__WHAT TO DO__:
Pictures excluded, set down exactly the lines from the one containing "Rullegardiner transparent fra" through the final line of the material, and only those.

__DATA SECTION__:
----------
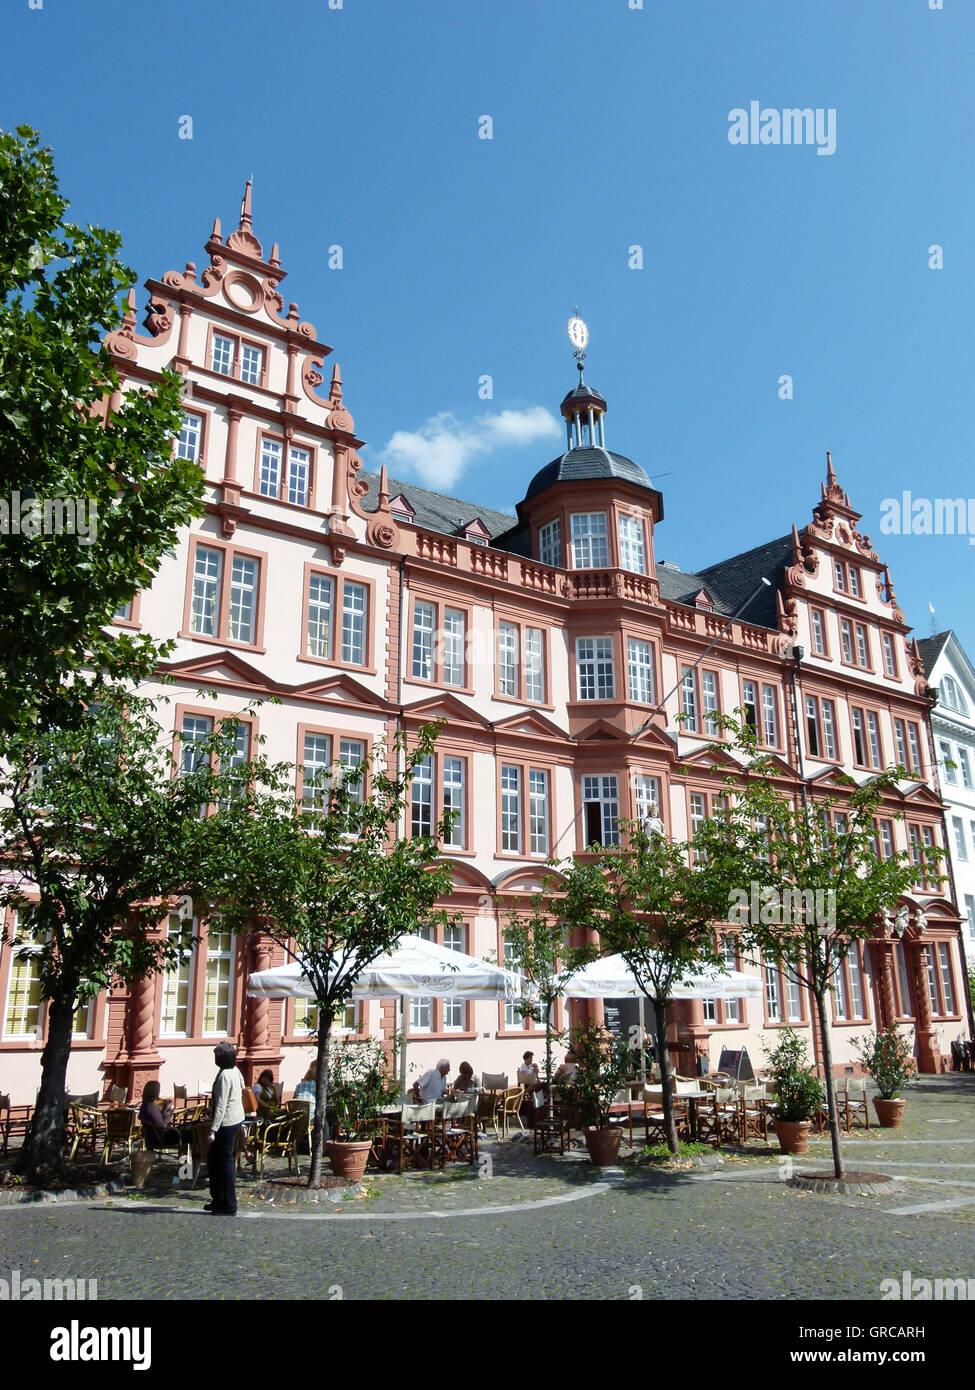 Haus Zum Römischen Kaiser Liebfrauenplatz Gutenberg Museum Und
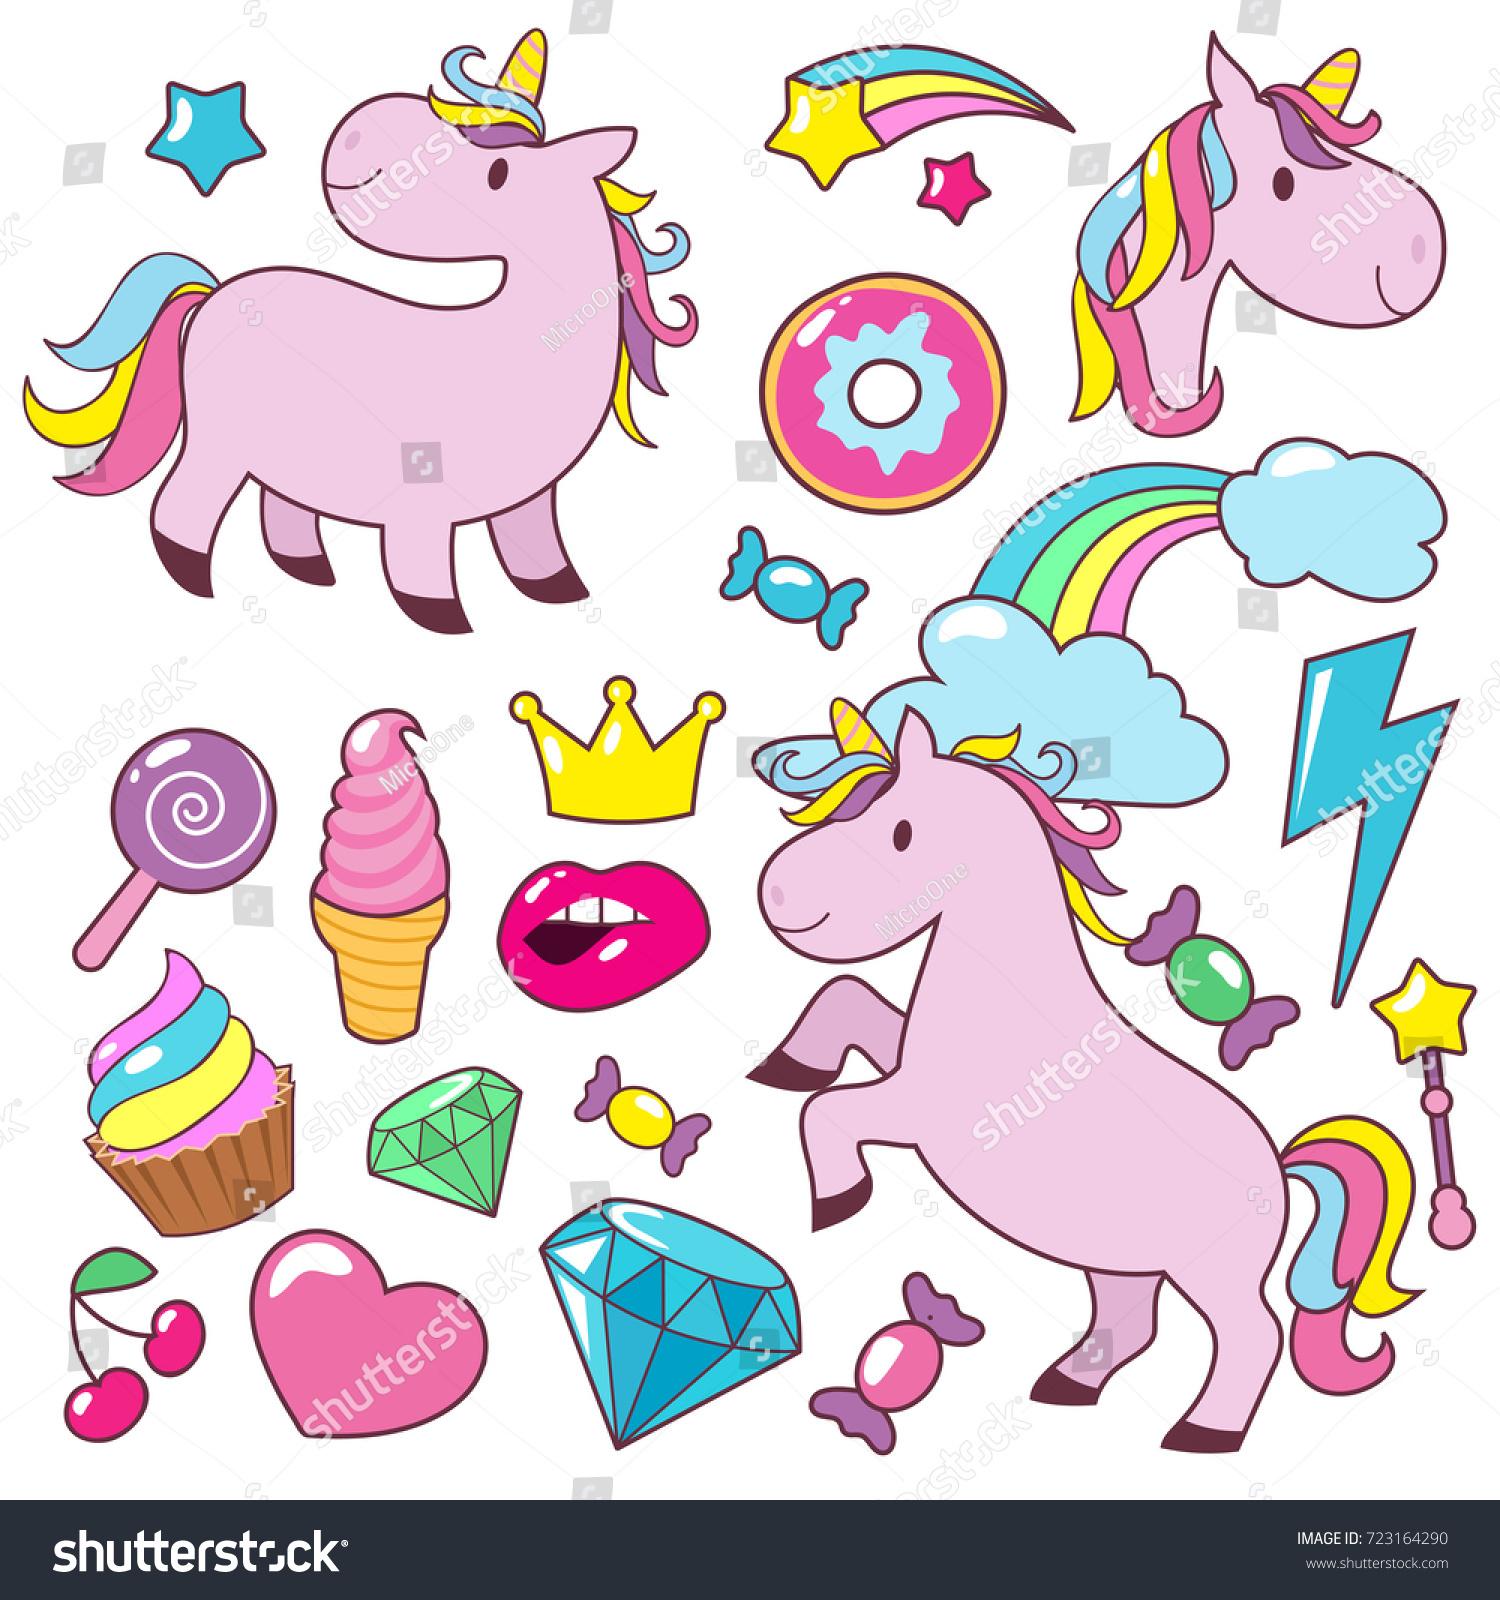 Vector De Stock Libre De Regalias Sobre Magic Cute Unicorns Baby Horses Vector723164290
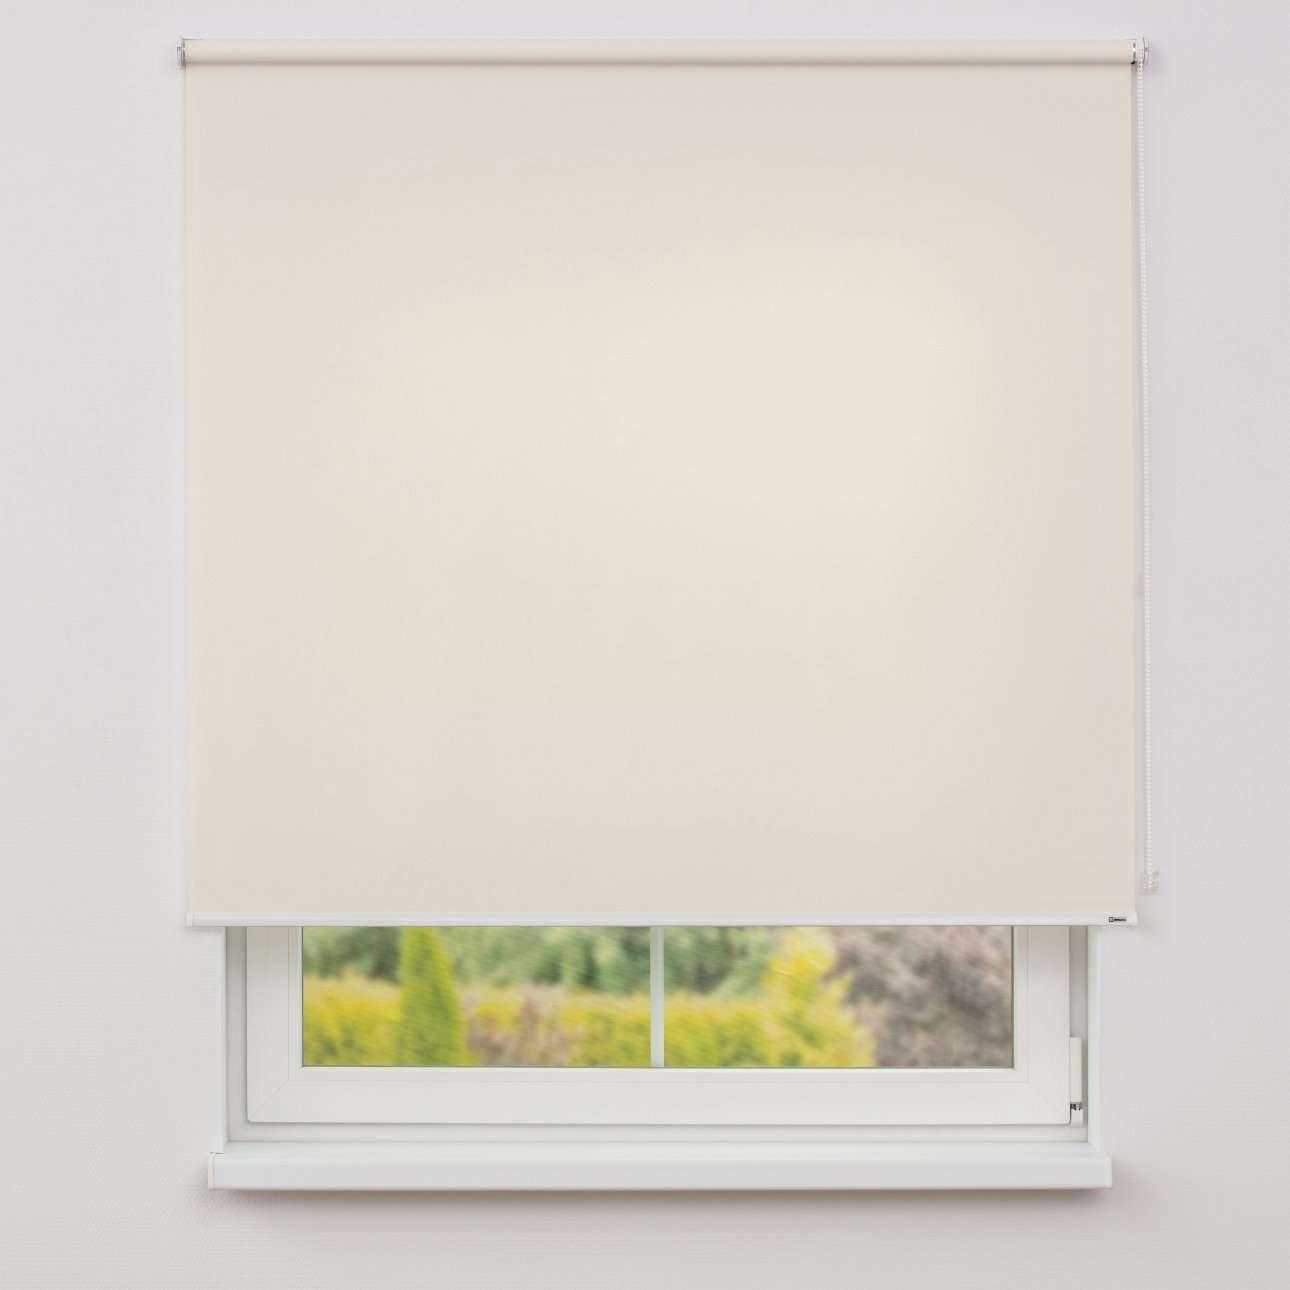 Rullegardiner transparent fra kolleksjonen Rullegardinstoff, Stoffets bredde: 4905
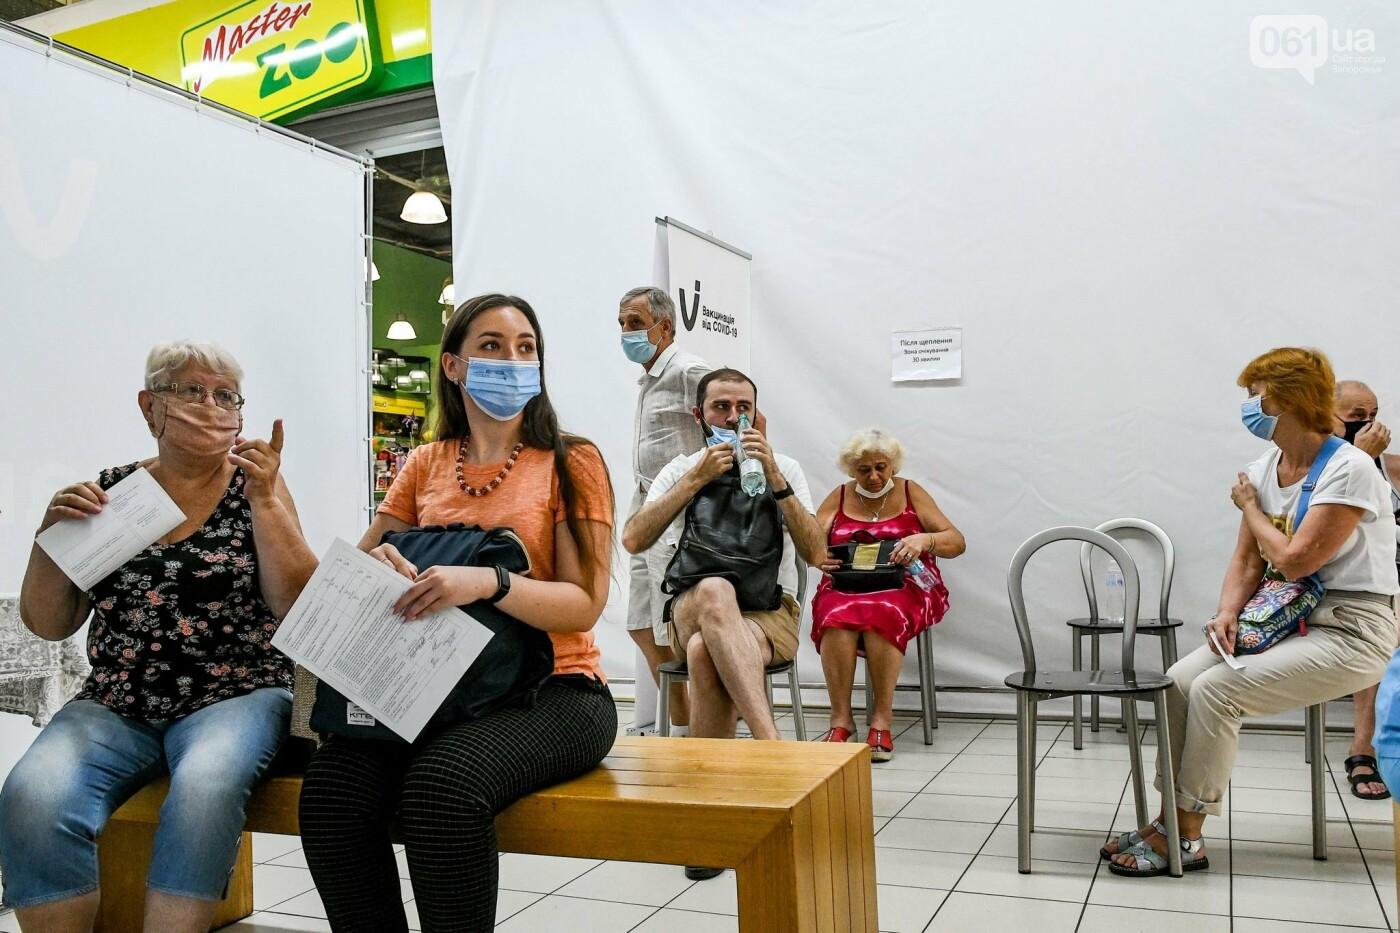 """В Запорожье в """"CITY MALL"""" открылся центр вакцинации: прививают Pfizer, сотни людей стоят в очереди, - ФОТОРЕПОРТАЖ , фото-13"""
----------
__SOLUTION TO THE EXERCISE__:
 Rullegardiner transparent fra kolleksjonen Rullegardinstoff, Stoffets bredde: 4905
 """В Запорожье в """"CITY MALL"""" открылся центр вакцинации: прививают Pfizer, сотни людей стоят в очереди, - ФОТОРЕПОРТАЖ , фото-13"""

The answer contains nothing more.